### Task instructions
Retype the listing exactly, with no images.

### Source data
◆ ◆ ◆ ◆

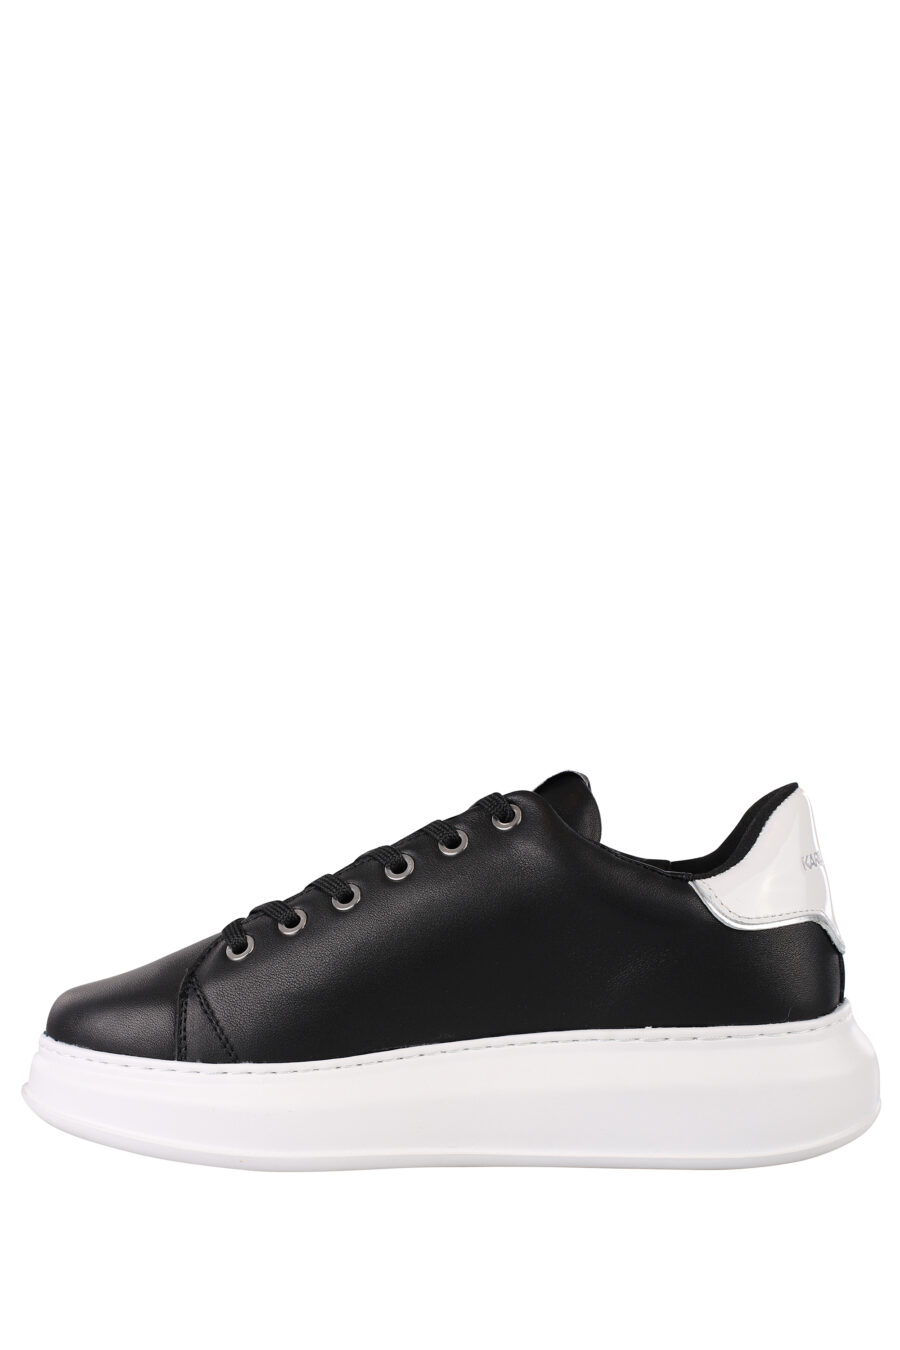 Black trainers with silver metal lettering logo - IMG 1388
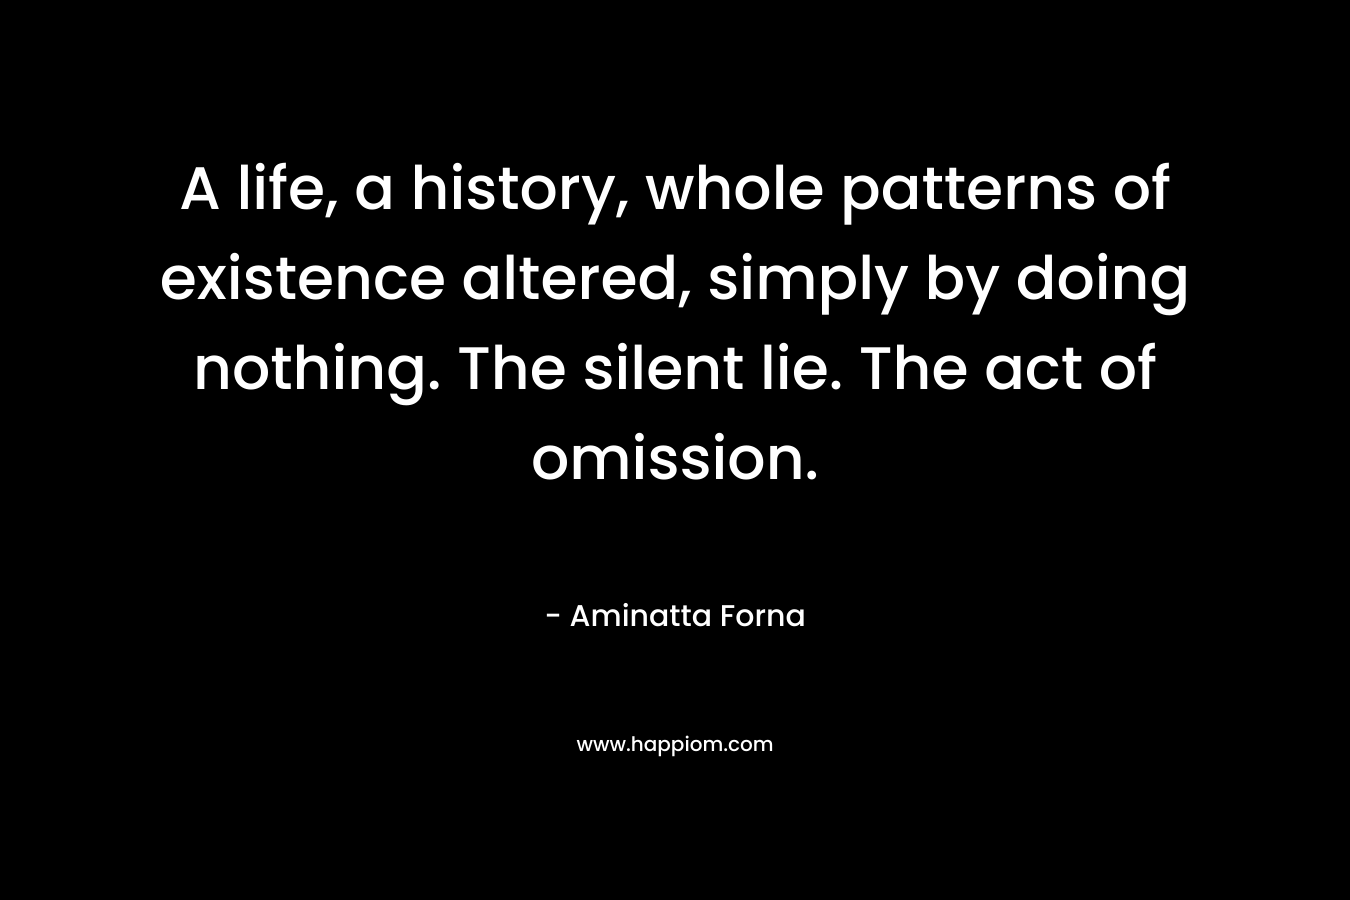 A life, a history, whole patterns of existence altered, simply by doing nothing. The silent lie. The act of omission. – Aminatta Forna
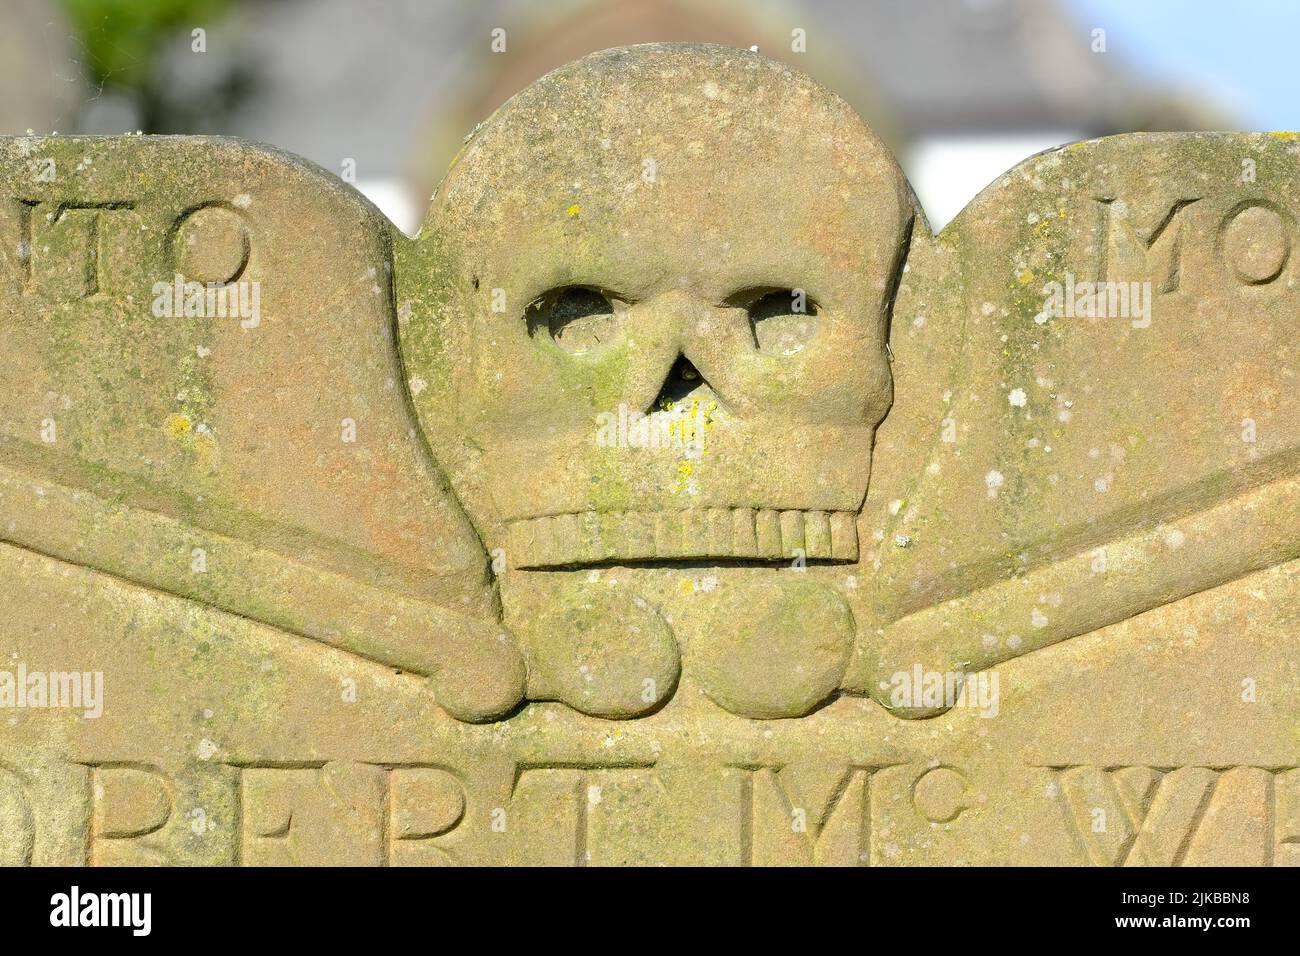 Skull and crossbones design on an 17th Century grave headstone dated 1685 at Kirkandrews, Dumfries and Galloway, Scotland Stock Photo

◆ ◆ ◆ ◆

### Result for this exercise
 Black trainers with silver metal lettering logo - IMG 1388
 A life, a history, whole patterns of existence altered, simply by doing nothing. The silent lie. The act of omission. – Aminatta Forna
 Skull and crossbones design on an 17th Century grave headstone dated 1685 at Kirkandrews, Dumfries and Galloway, Scotland Stock Photo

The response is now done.